In the postmenopausal period, an important role is played by studies to determine possible complications: osteodensitometry to detect osteoporosis, ECG to diagnose heart pathology, mammography and cytology of cervical scraping (PAP test) to detect neoplasms that occur against the background of hormonal imbalance. The severe course of early menopause must be differentiated from diseases of the adrenal glands, thyroid gland, hyperprolactinemia, pituitary and ovarian tumors. Consultations of an endocrinologist, oncologist, oncogynecologist, neuropathologist are shown.
Treatment
Since the clinical manifestations of menopausal syndrome are associated with estrogen deficiency, hormonal correction is indicated in its pathological course. For this purpose , the patient is assigned:
- Hormone replacement therapy (HRT). Female sex hormones are the most effective. Depending on the underlying disease that provoked the early development of menopause, estrogens, progestins, combinations of estrogens with progestins or androgens are used. Taking into account possible side effects from the use of hormonal drugs, the presence of absolute and relative contraindications to hormone therapy, a specific scheme should be selected by a gynecologist.

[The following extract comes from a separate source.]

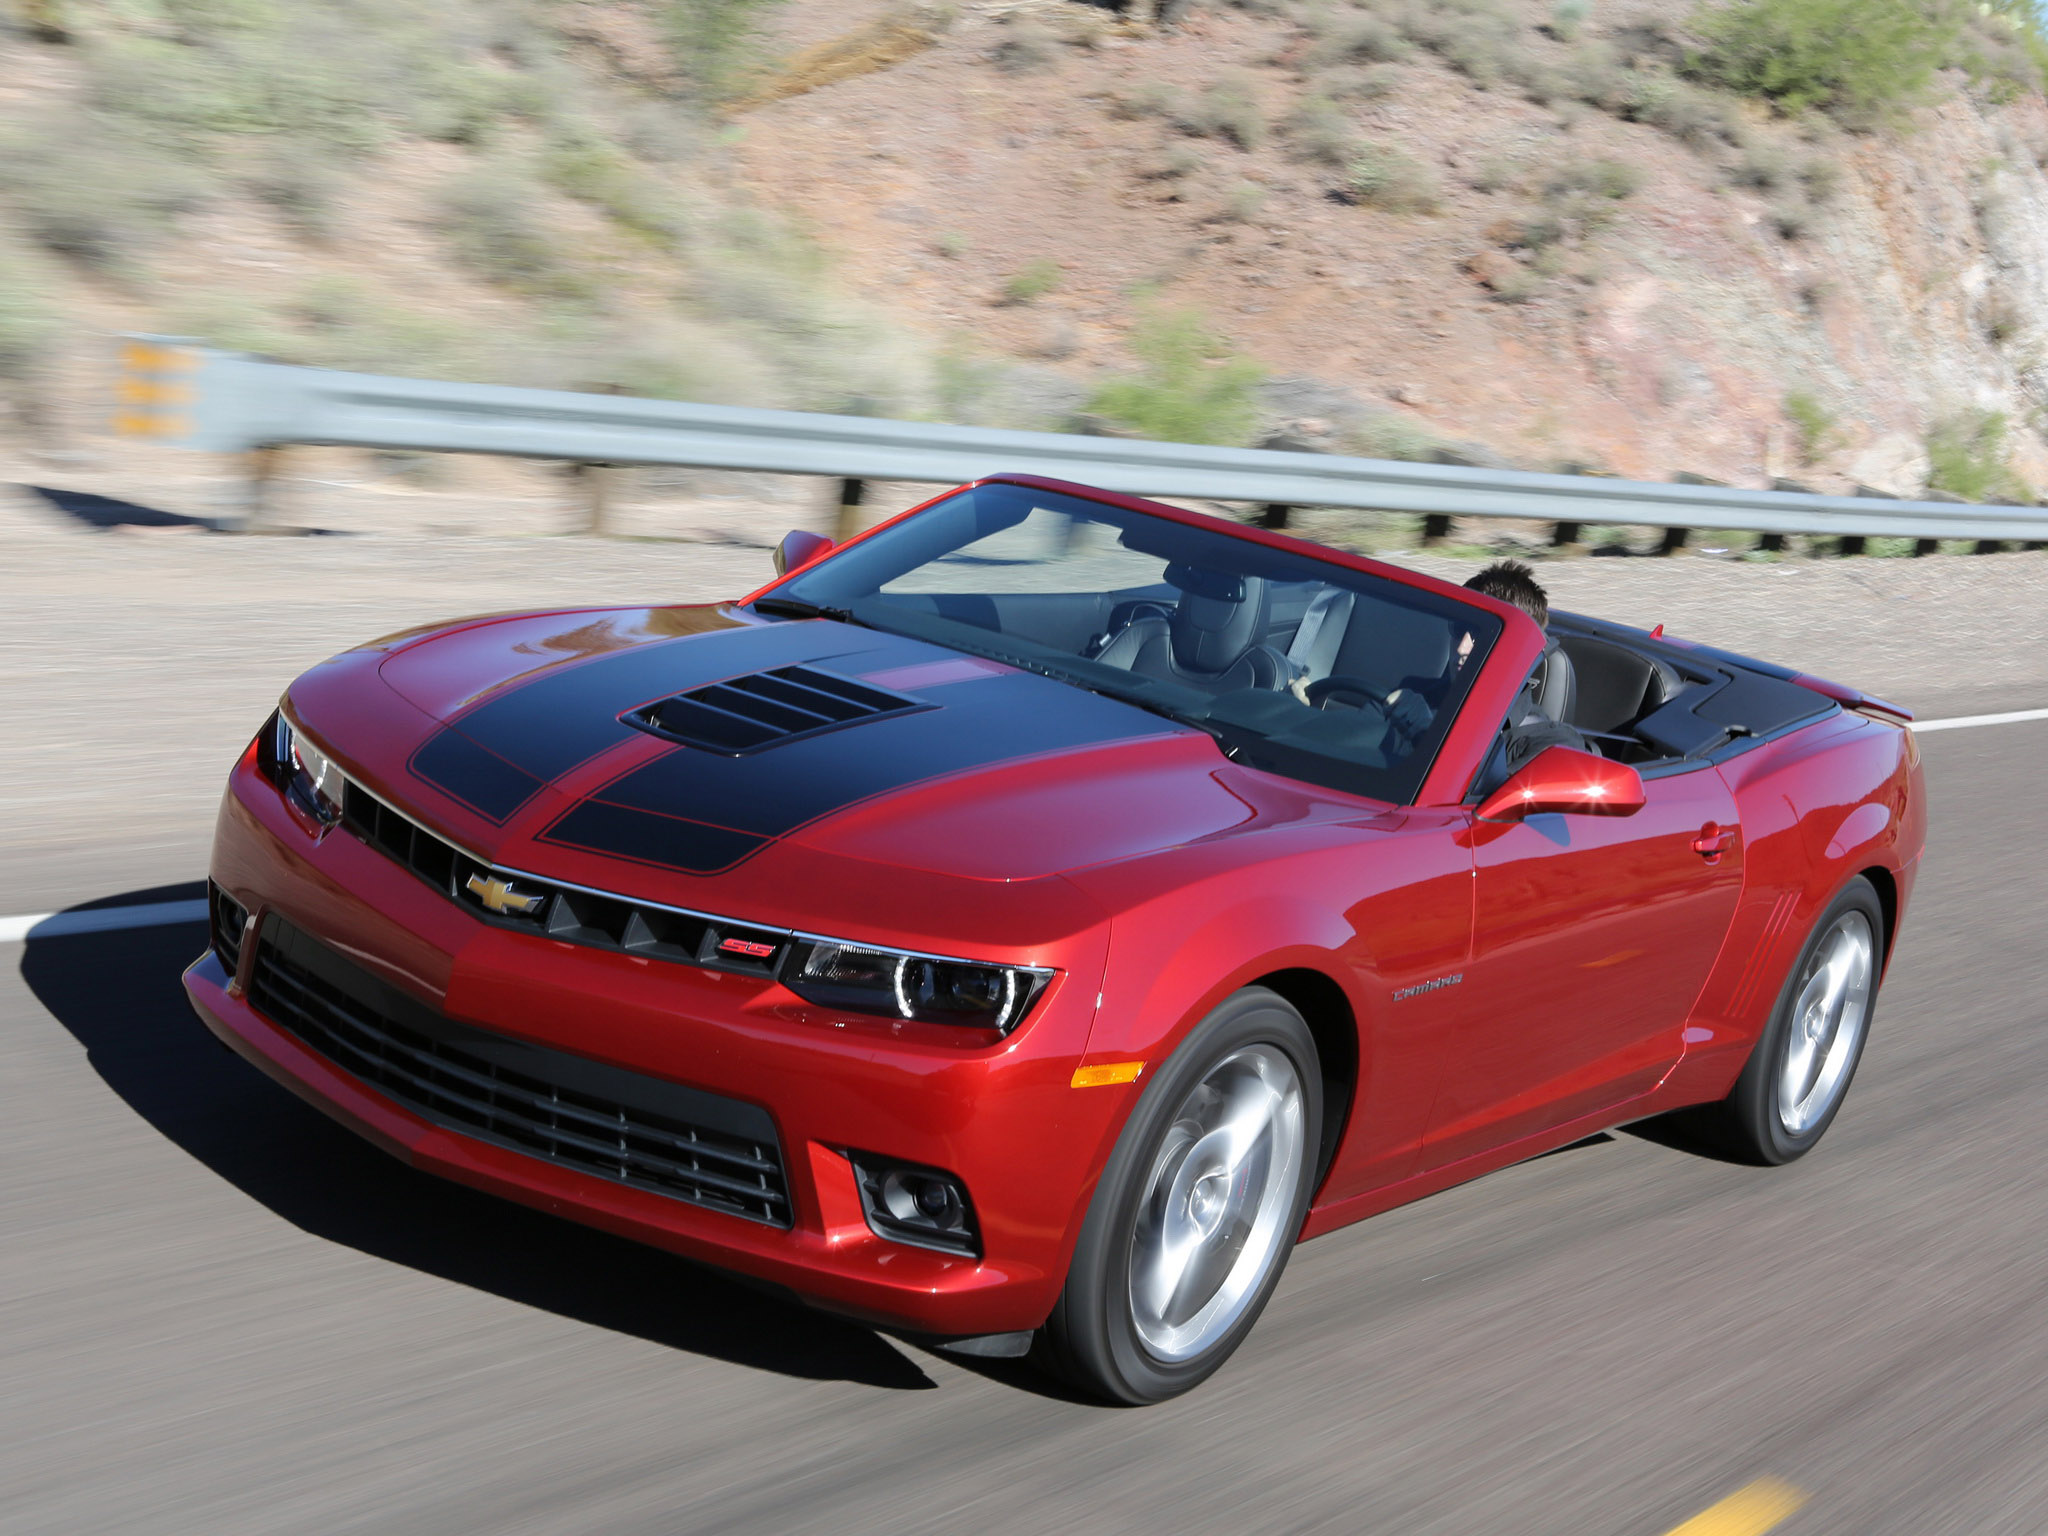 2014, Chevrolet, Camaro, Ss, Convertible, Muscle, S s Wallpaper

- Phytoestrogenic drugs. If there are contraindications to HRT or a woman refuses to take hormonal drugs, phytoestrogenic drugs are recommended. They are produced from plant raw materials containing nonsteroidal molecules with an estrogen-like effect.
- Local application of estrogen-containing drugs. The appointment of candles, creams, gels, etc. is justified with involutive changes in the mucous membrane of the cervical canal, vagina and external genitalia.
In order to prevent and treat possible complications, sedatives, drugs that improve cardiac and cerebral blood flow, vitamin and vitamin-mineral complexes, calcium preparations can be used. Therapeutic physical education is effective, aimed at maintaining the tone of the pelvic floor muscles and the functional state of the musculoskeletal system.
Prognosis and prevention
With the preservation of ovarian tissues, the appointment of hormone replacement therapy can reduce the typical menopausal symptoms in 92-95% of cases, reduce the severity of urogenital disorders in 85% of women, improve the condition of the skin and hair, and in some cases preserve and even restore menstruation (up to 10% of patients). In women who regularly take hormonal and hormone-like drugs, the risk of pathological fractures is reduced by a third. Taking into account the possible causes of early menopause, for its prevention it is important to lead a balanced lifestyle, monitor the health of the reproductive organs, visit an obstetrician-gynecologist at least once a year, avoid abdominal injuries, choose the least traumatic methods of surgical treatment (if indicated).